А лежал-то уж я совсем полумертвый, не двигался вовсе, рукой шевельнуть не мог, высох весь. Попросил жене письмо написать. Получила она такое письмо и метнулась прямо к Матреше:
— Помоги, Матреша, помоги, помолись, погибает мужик-то!
— Бог милостив,— сказала ей на это Матреша,— даст Бог, поправится, а я помолюсь. Вот возьми масла из лампадки, помажь его, да тут же и возьми из больницы на квартиру, где он жил. Не убивайся. Бог даст, все хорошо будет.
Жена тут же приехала ко мне, помазала меня маслом и обратилась к врачам с просьбой, чтобы они отпустили меня на квартиру. Врачи и слышать об этом не хотели:
— Его трогать нельзя,— говорили они,— возьмешь его — он в нашей же прихожей умрет.
Но жена не отставала, она и меня заставила просить. В конце концов врачи согласились: надежды нет никакой, все равно умирать-то. Жена немедленно перевезла меня на квартиру. Мне скоро стало легче. Через неделю я уже садился в постели, а через месяца полтора поправился совершенно и приступил к своей работе. Врачи дивились на меня. Это было давно, лет пятнадцать тому назад, а с тех пор я здоров и за все это время никакими болезнями не болел.
Другой случай. Было так.
Построил я себе в деревне новую избу. Построил, а на страховку денег не было. Уехал я на завод, на работу встал, и из первой же получки послал тестю денег с просьбой застраховать дом, а жененаписал, чтобы подарок Матреше отнесла. У тестя оказались расходы, он деньги истратил, а дома не застраховал.

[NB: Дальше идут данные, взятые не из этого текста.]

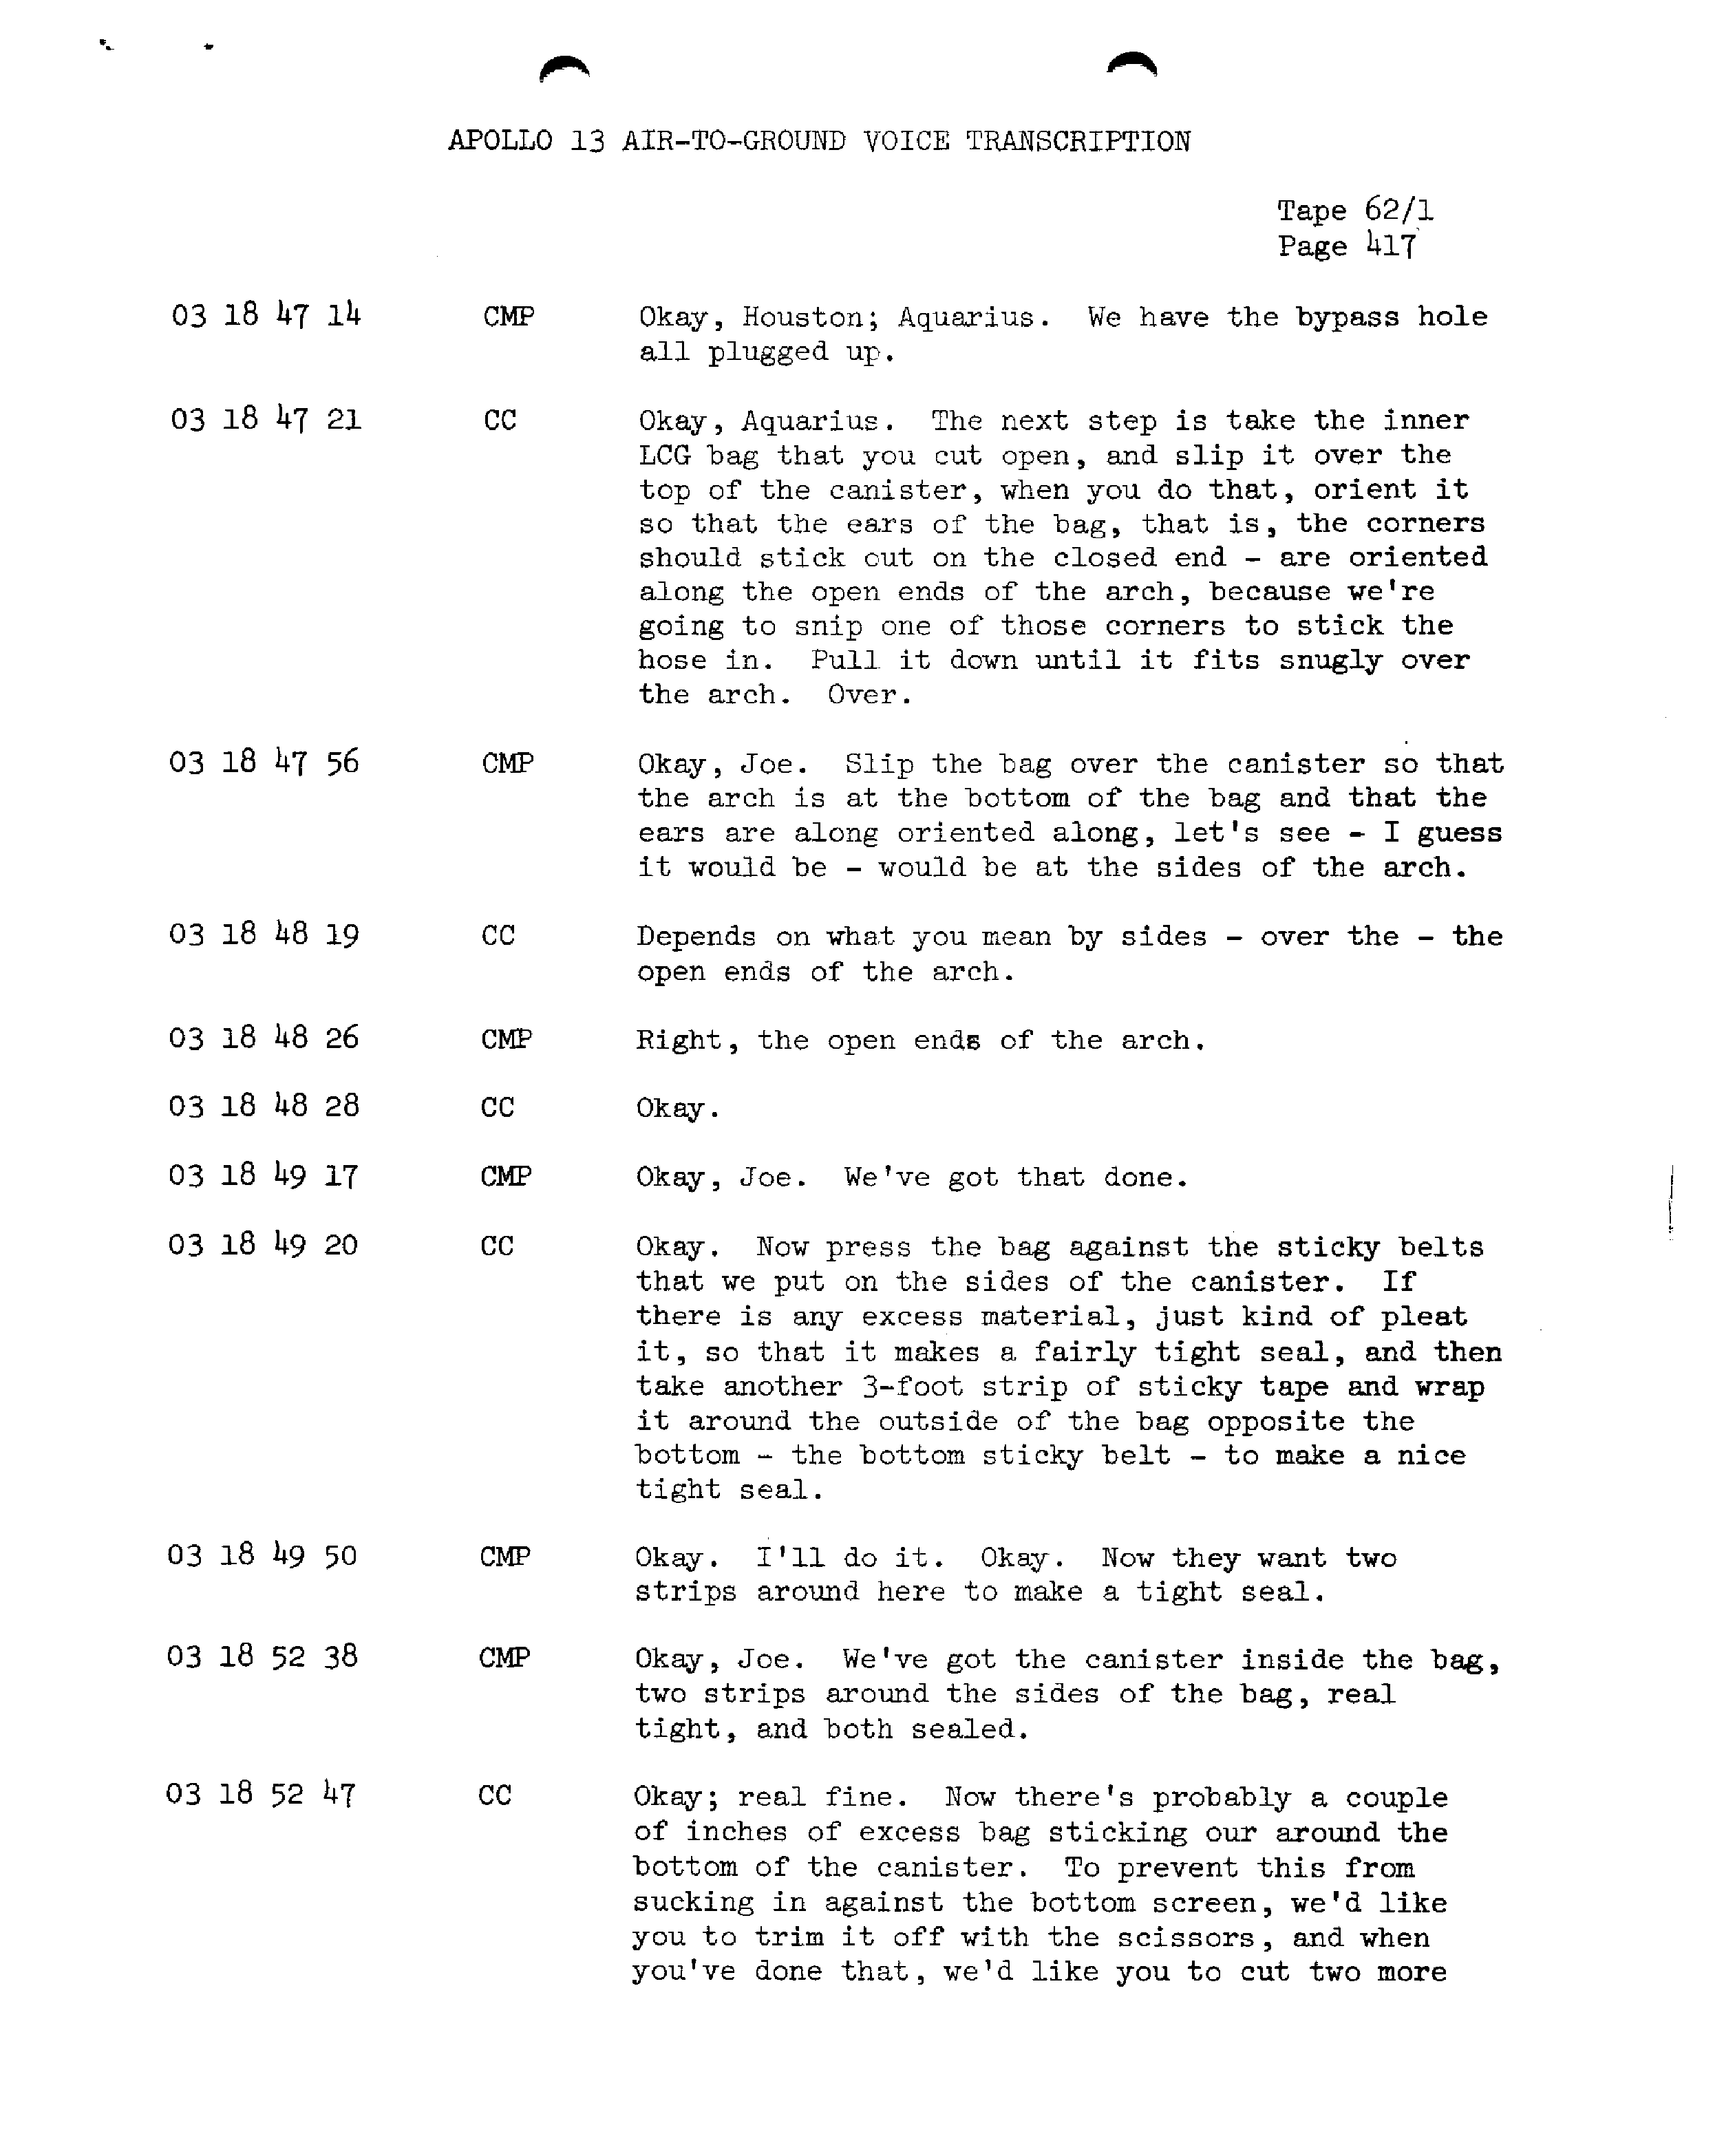 Page 424 of Apollo 13’s original transcript

Жена тем временем пошла к Матреше и передала ей подарок:
— Вот, мужик-то мой подарок велел тебе передать. Матреша взяла подарок и тут же спросила:
— А дом-то застраховали?
— Нет еще,— ответила жена,— денег нет.
— Завтра же застрахуй, застрахуй обязательно, не откладывай,— настойчиво говорила Матреша.
В течение дальнейшей беседы она несколько раз повторила о необходимости немедленно застраховать избу. Жена кое-как собрала денег и через день внесла страховку. А еще через два дня в нашем конце случил-сяпожар, сгорело двадцать два дома, в том числе и наш. Благодаря предупреждению Матреши мы получили страховку.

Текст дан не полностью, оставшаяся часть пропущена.